**EXCERPTED DATA:**
################

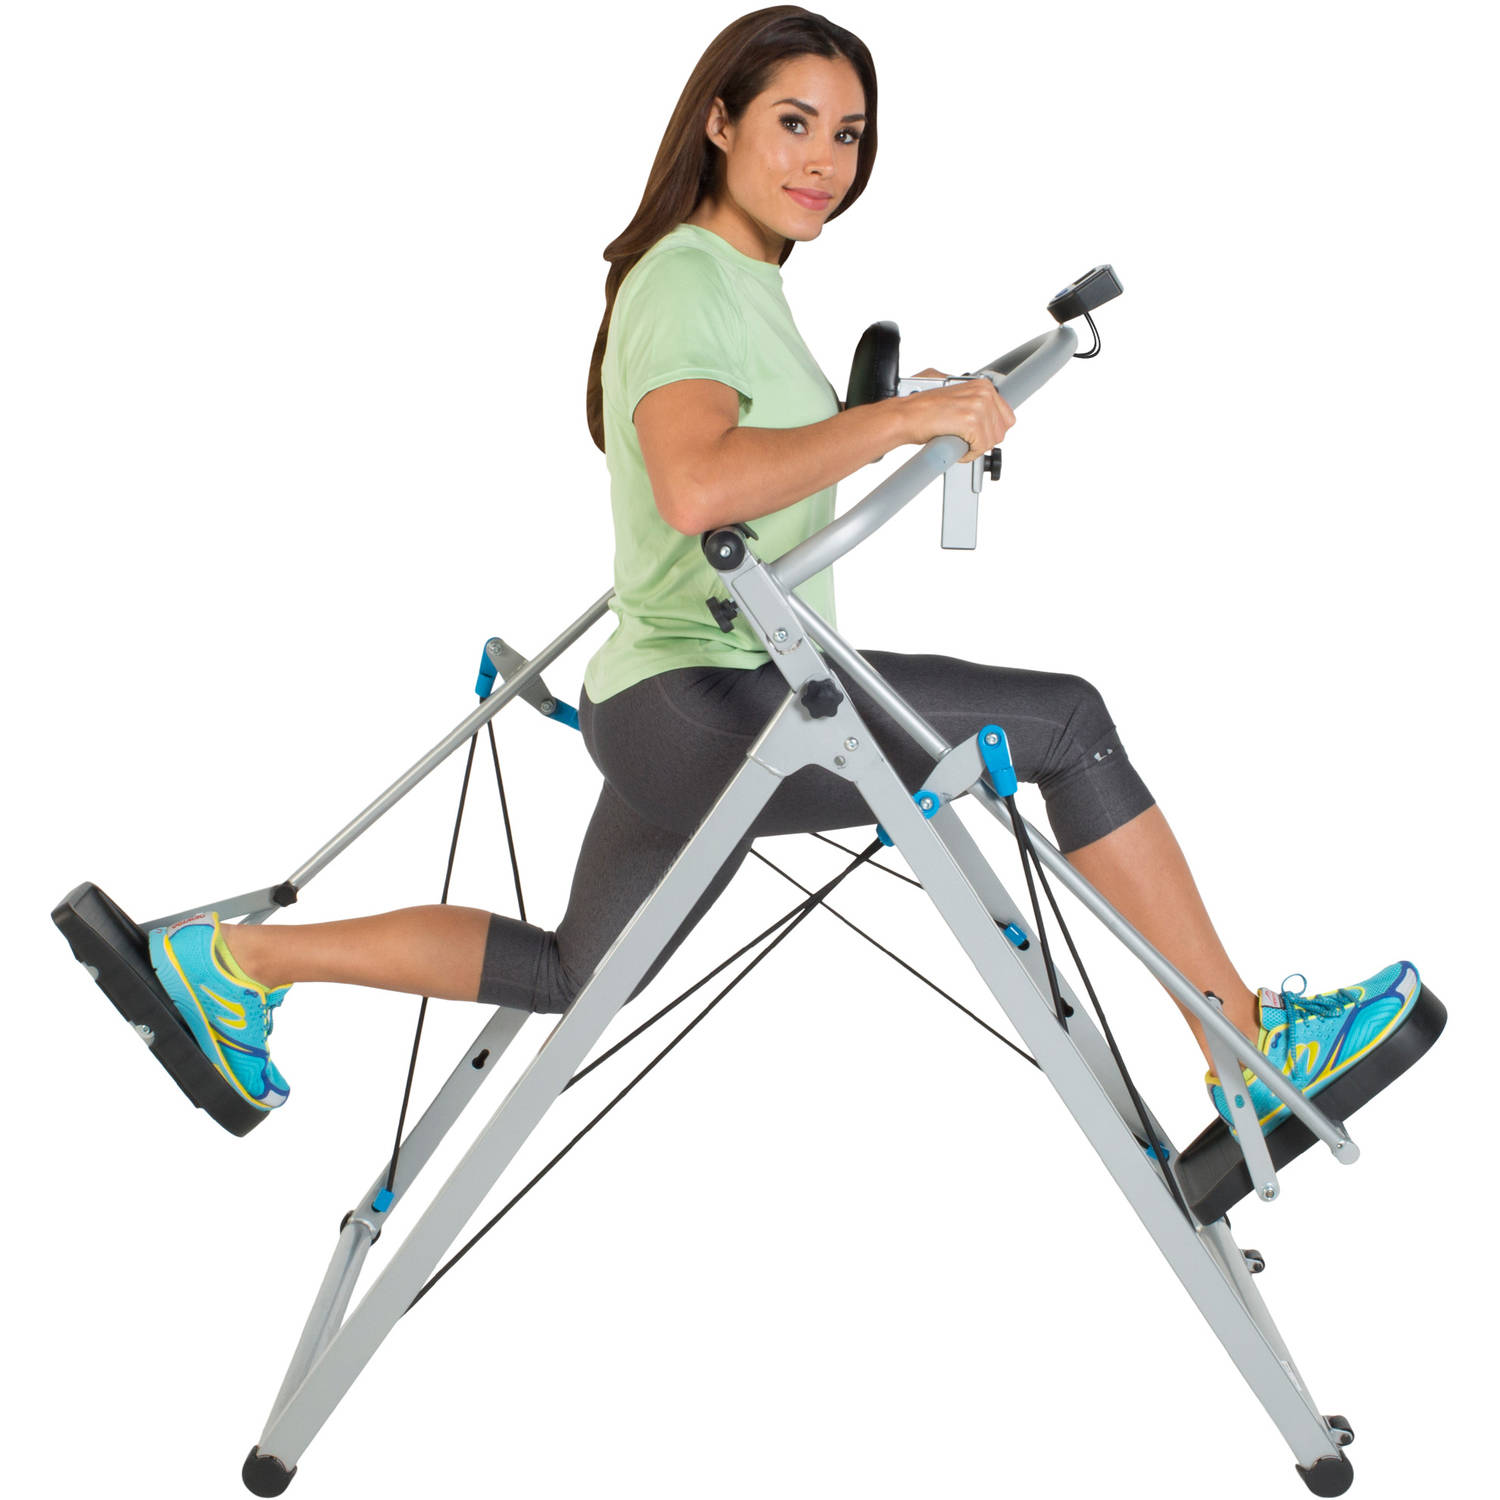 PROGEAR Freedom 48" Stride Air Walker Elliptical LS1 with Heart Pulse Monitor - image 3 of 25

################

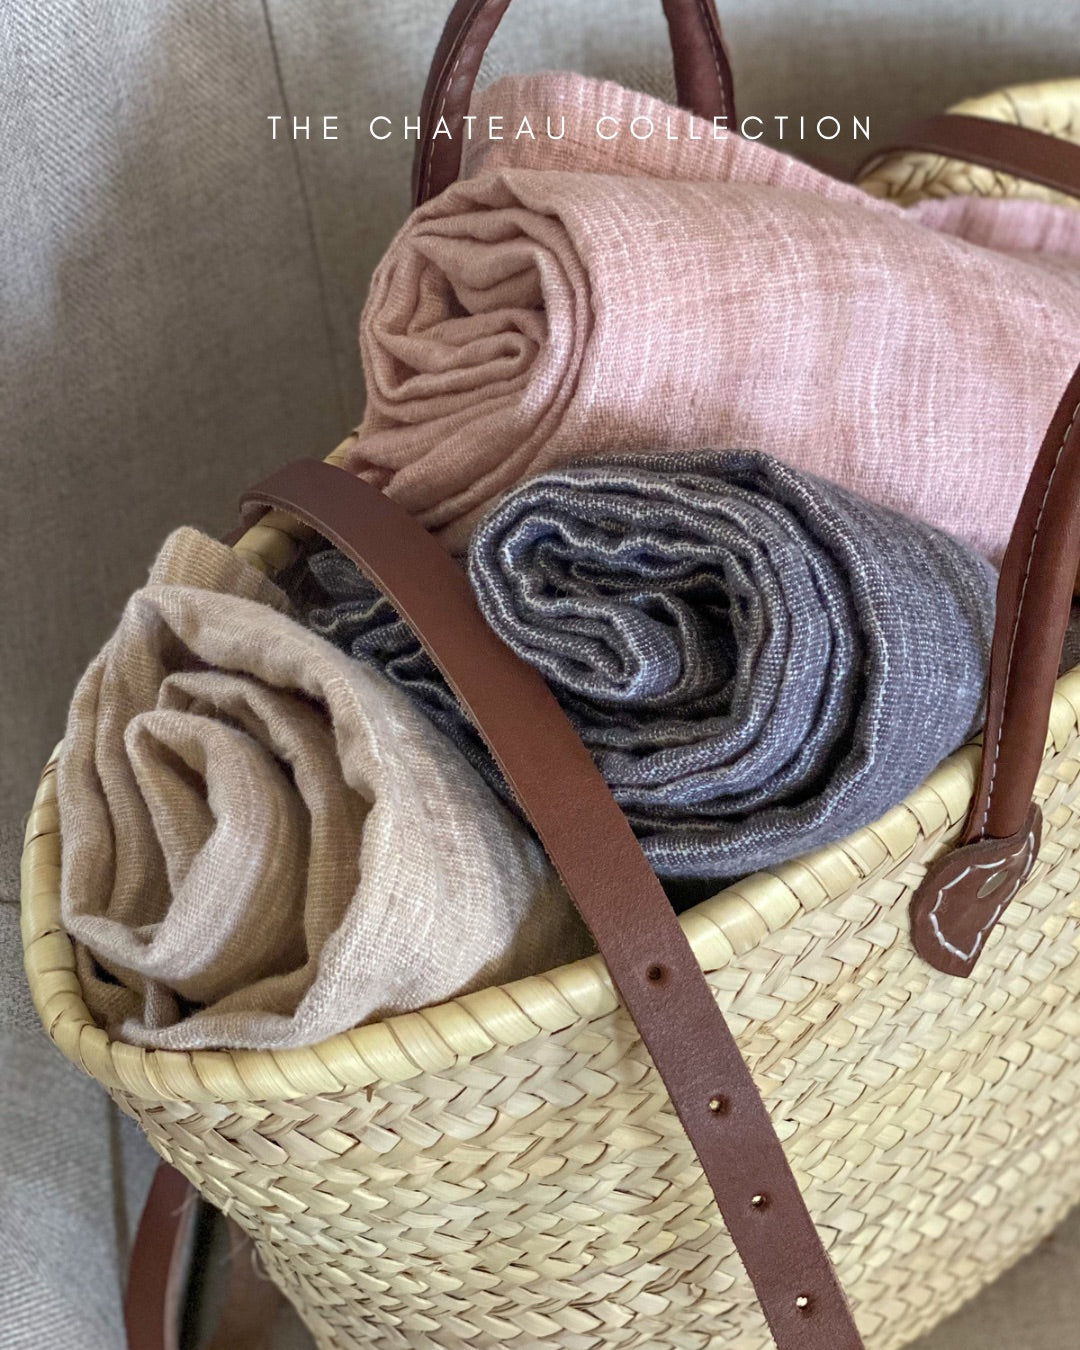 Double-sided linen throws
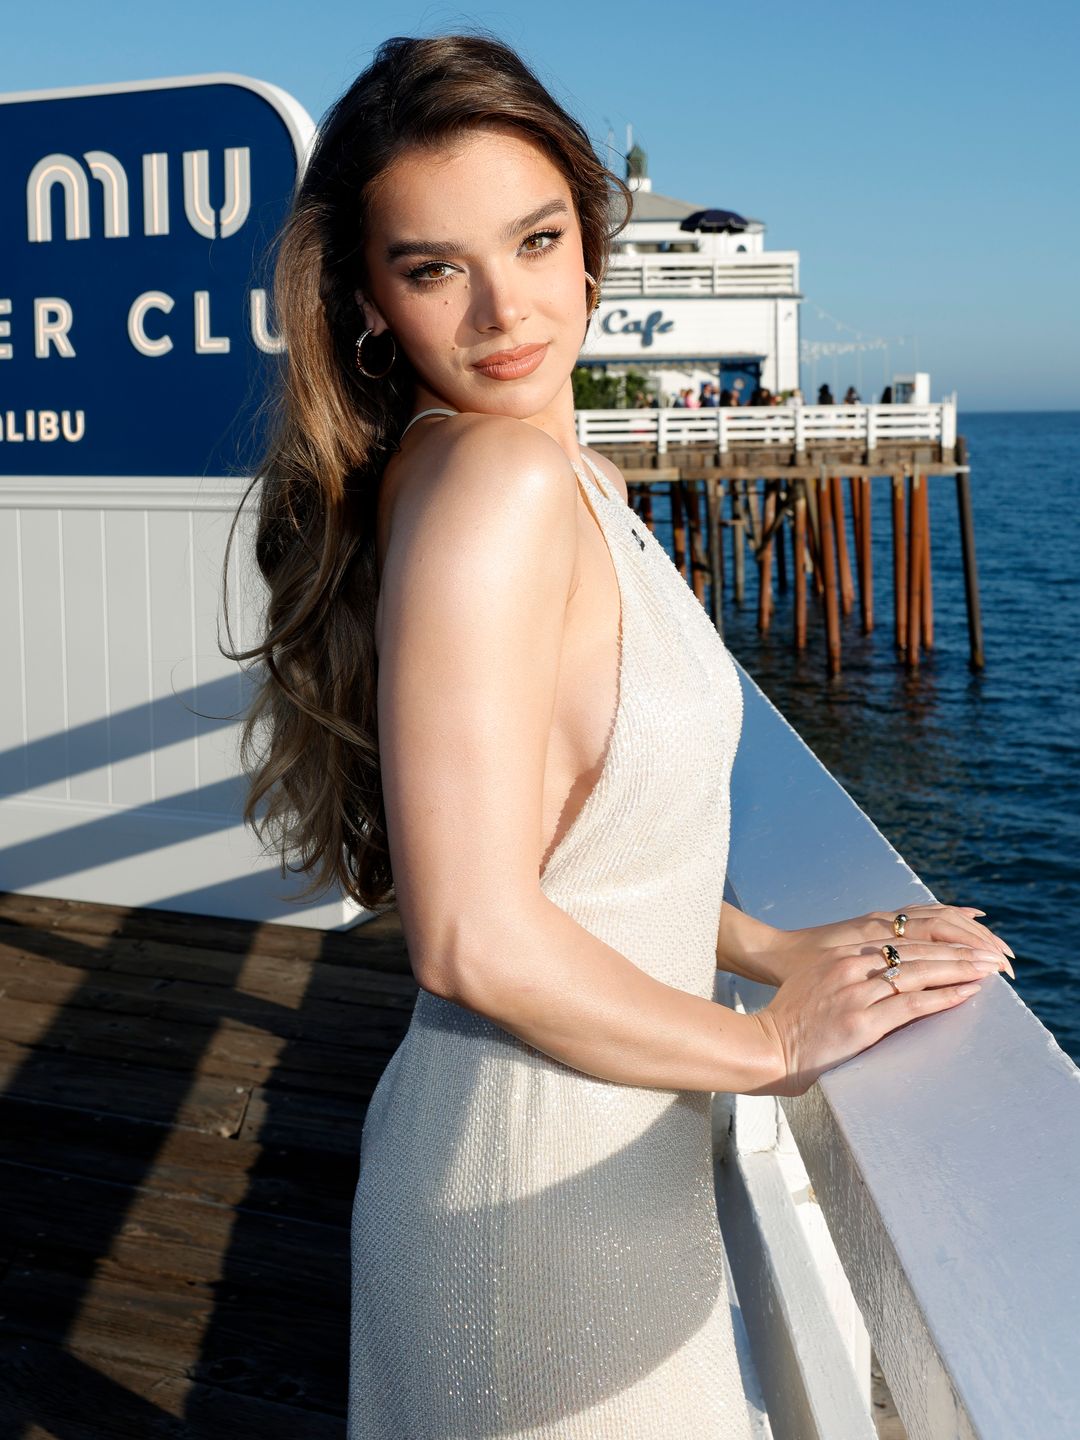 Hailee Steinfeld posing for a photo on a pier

################

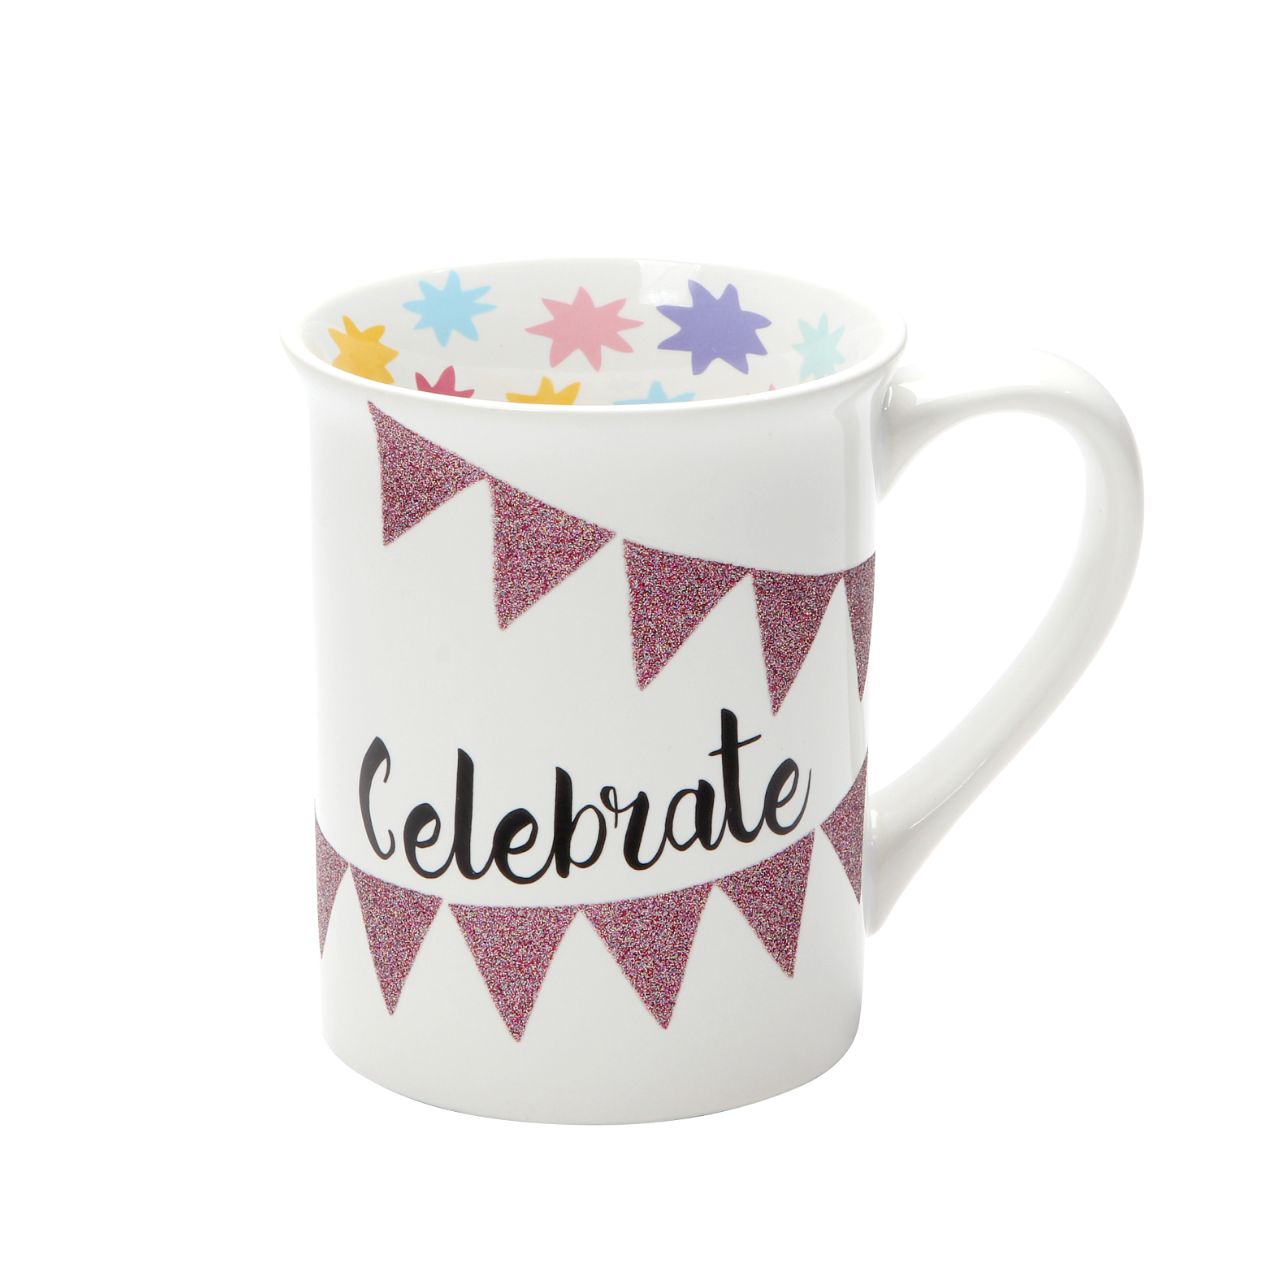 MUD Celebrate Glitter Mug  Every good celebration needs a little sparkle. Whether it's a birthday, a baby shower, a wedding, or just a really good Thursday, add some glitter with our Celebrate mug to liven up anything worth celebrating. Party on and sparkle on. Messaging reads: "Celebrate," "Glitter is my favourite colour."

################

**EXERCISE AIM:**
Go back to the listing above and reproduce, exactly, the stretch from the line bearing "Double-sided linen throws" through the line bearing "Hailee Steinfeld posing", without its pictures.

**RESULT OF THIS EXERCISE:**
 Double-sided linen throws
 Hailee Steinfeld posing for a photo on a pier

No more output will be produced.